# Excitement Barking



## CatChandler (Jul 25, 2016)

This is not a serious behavioral problem, but it is very annoying to my housemates.

Sitka is a 1-year-old rescue that I got about a month ago. For the past week or so, whenever I let her OUT of her crate, she gets very excited and barks. This is very much a problem at 6am when I get up to let her and my two (uncrated) Labs out. The Labs get excited and jump up. Sitka gets excited and barks, barks, barks all the way out the door, in the yard, and back inside again.

I am not complaining, I'm sure this is a very common behavior, but I would like to take her excitement down a little, or teach a replacement behavior. I am very calm while I try to get her to focus on me, but she is so excited at these times that I can't get her to listen to me, or even to notice that I'm holding a treat. The only thing that gets her to stop for a minute is if I clap my hands suddenly.

She does not bark while she's in the crate - just when I'm getting ready to open the door to let her out.

Not crating her at night is NOT an option unfortunately. Also, she frequently does this even if she's just crated for a half hour - just not as long.


----------



## Ripley2016 (Mar 6, 2016)

If you let her out while she's excited, you're only reinforcing that behavior. Before letting her out of the crate, make sure she is sitting or laying calmly. I would remove the other dogs while you're training her to come out of the crate calmly, as they're a huge distraction and giving off a lot of excited energy, adding to your problem.

If you have a lot of trouble getting her to sit calmly in order to let her out, here are a few tips. Make her sit calmly before giving her food or treats, so she learns how to do it outside of leaving the crate as well. You can even use the word "calm" to teach her the command. At first, only make her hold it for a few seconds. That way she learns immediately the behavior you want from her. Then you can start extending the time you ask her to be calm. A clicker might help too, as you can instantly mark the behavior you like as soon as you see her do it.

My puppy barks (excitedly, I think) when she sees other dogs, so I asked for advice about it here yesterday since we were having a puppy playdate. A member suggested I only allow my pup to interact when she was sitting and being calm and quiet. So I kept her on leash and only allowed her to meet the other pup and play when she was quiet and calm. So, for me the take away is that any time your dog is overexcited, barking and jumping, make them be calm before engaging in any way. I would probably get up, let the labs out, then go back to Sitka, let her out when she is calm and not barking, and if she starts to bark and jump on the way to go outside, put her in a Sit. Every time she loses control, make her sit. Get her attention back on you.


----------



## CatChandler (Jul 25, 2016)

Right, I forgot to mention, she'll do this for a very long time. She damaged her crate during the last episode I tried to wait out. I agree the Labs aren't helping, but if I take the other dogs out of the room, she gets even more frantic. Very frustrating.

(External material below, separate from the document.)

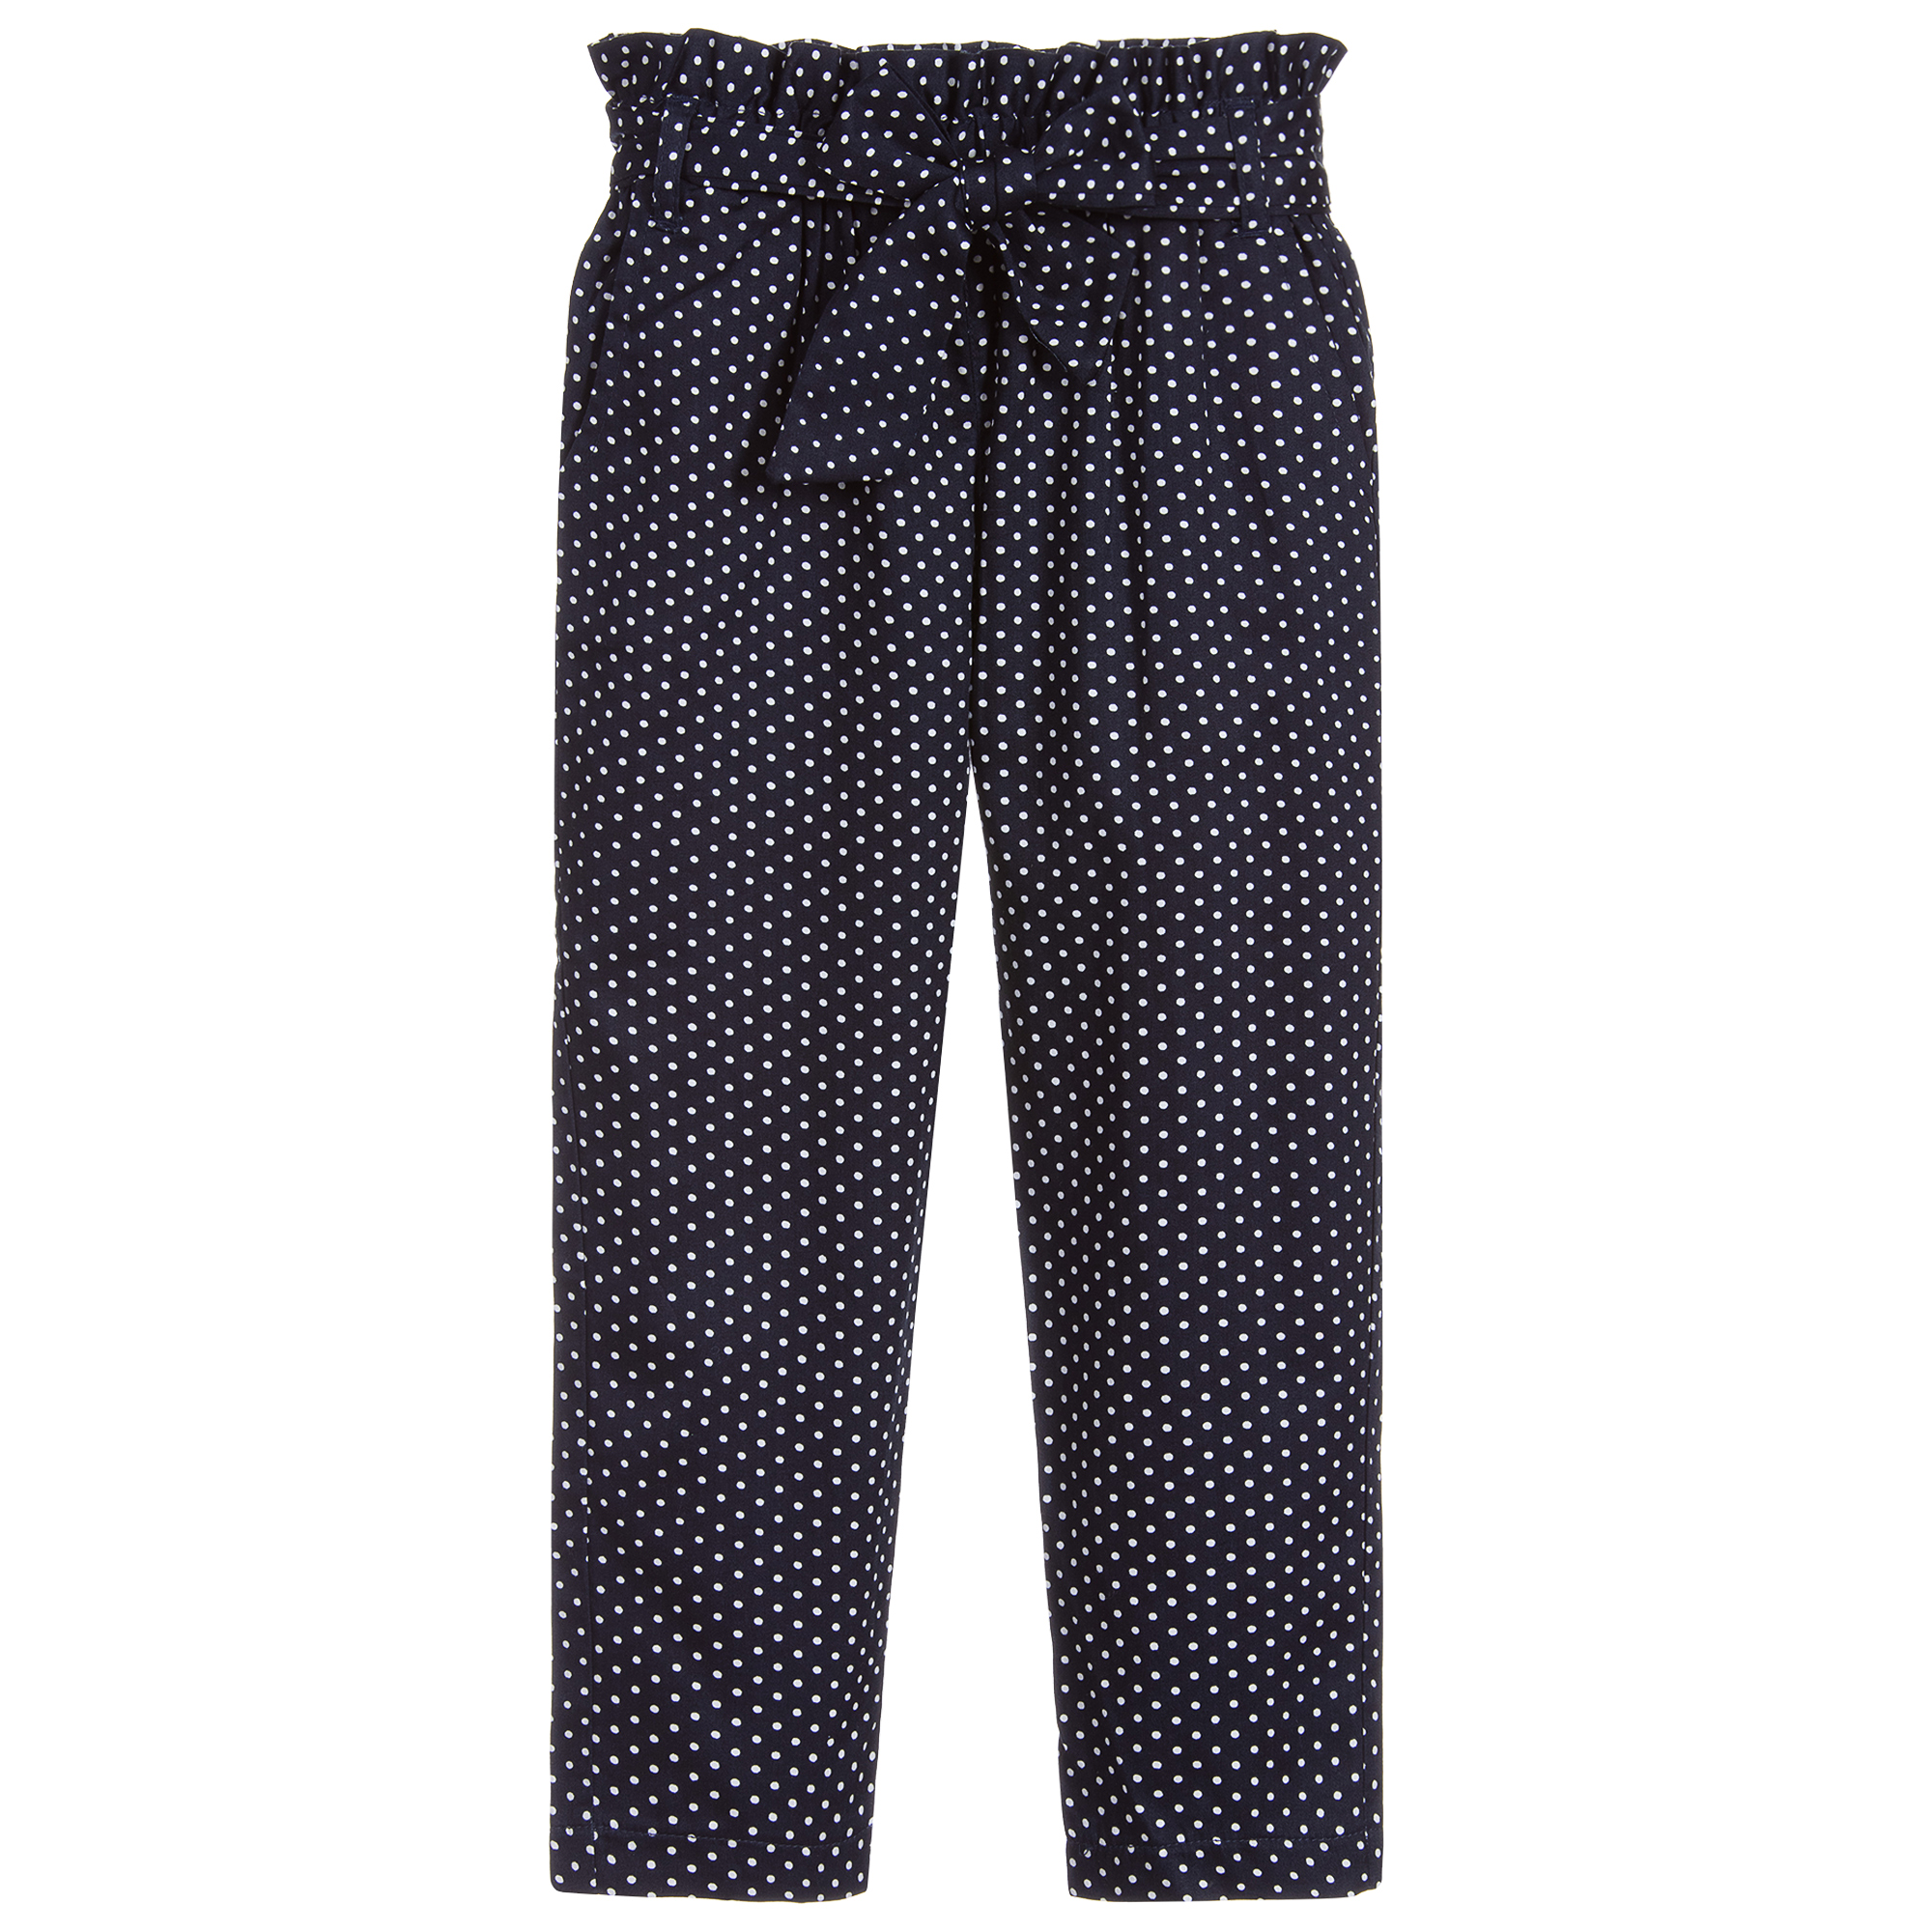 black and white polka dot trousers

She is fine outside the crate - we do a lot of obedience work. That's why I mentioned that I can't get her to focus on me when she's in this state of mind.

Re-reading my own post, I realized that the advice I would give myself would be to revisit crate training, slowly increasing the time in the crate, and practicing getting into and out of the crate so it's not such a big deal.

I was just wondering about other people who have had this specific experience with their dog, and have resolved it. I have heard that teaching 'quiet' helps, but if she won't respond to any other command I don't know why she would respond to that one.


----------